The Stakes for the International Community
The M23 report calls for urgent international intervention: diplomatic pressure on Bujumbura and a prompt ICC investigation. These calls come amidst a stalled regional peace process and a worsening humanitarian crisis, with over 7 million people displaced within DRC.
The United Nations Organization Stabilization Mission in the DRC (MONUSCO) is in the process of a contested withdrawal, leaving a security vacuum.
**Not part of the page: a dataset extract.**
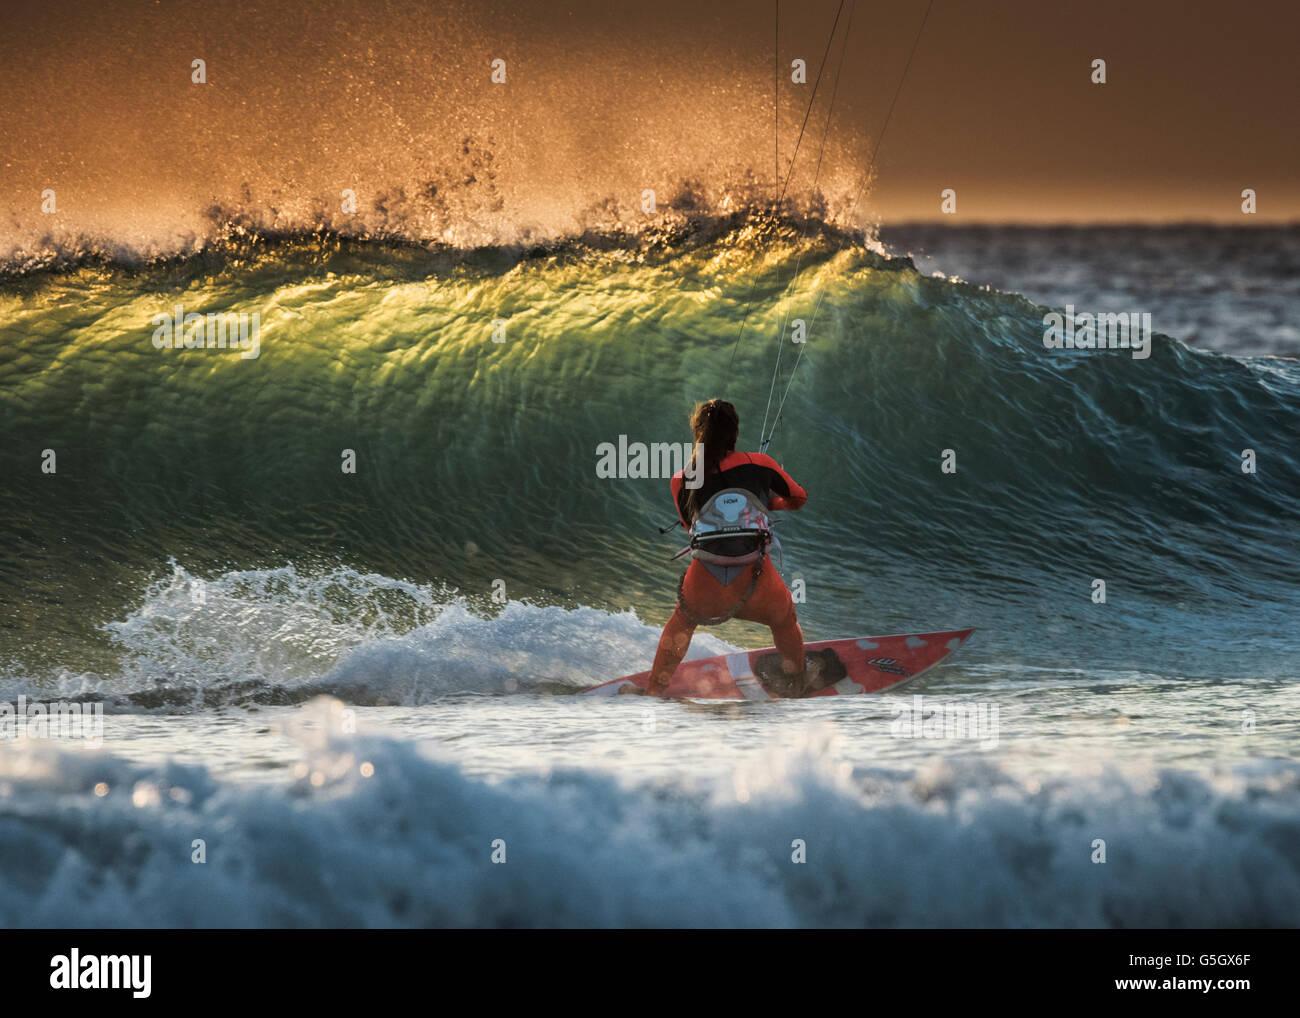 Kitesurfer a cavallo di un onda in Tarifa, Costa de la Luz, Cadice, Andalusia, Spagna, Europa meridionale. Immagini Stock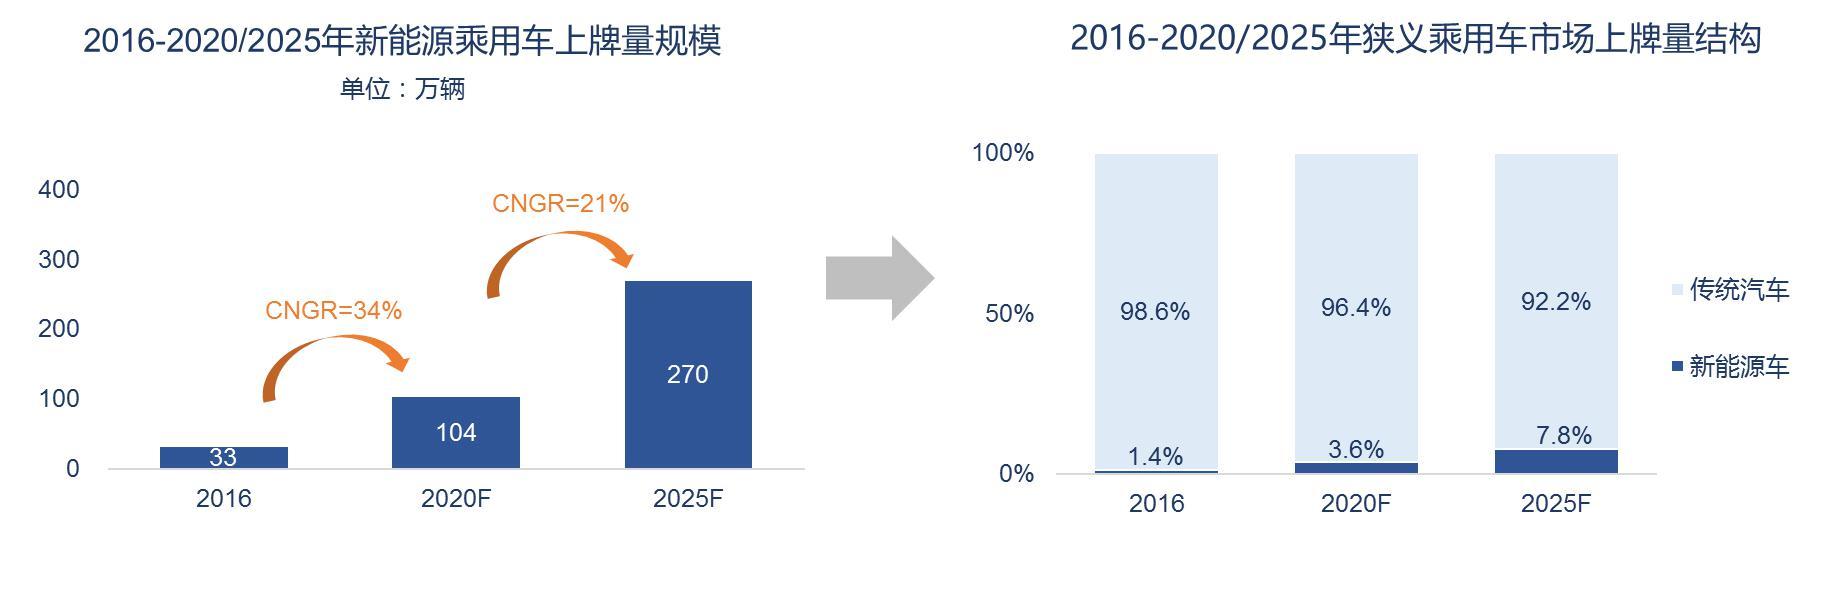 图表4. 中国新能源乘用车市场规模走势

The international community’s leverage appears limited, with focus divided among numerous global crises.
Silence from Bujumbura
Requests for comment from the Burundian government and military headquarters have so far gone unanswered. Historically, Burundi has denied allegations of human rights abuses by its forces both at home and abroad.
The Human Cost
Beyond the legal framework, the report sketches a landscape of profound suffering: families scattered, fields abandoned, schools shuttered, and communities living under a pall of fear. The psychological trauma and the physical destruction risk creating cycles of instability that will endure long after the guns fall silent.
As the world’s attention wavers, the people of eastern DRC continue to pay the price for a regional conflict where accountability remains elusive and the fundamental rules of war are treated as optional.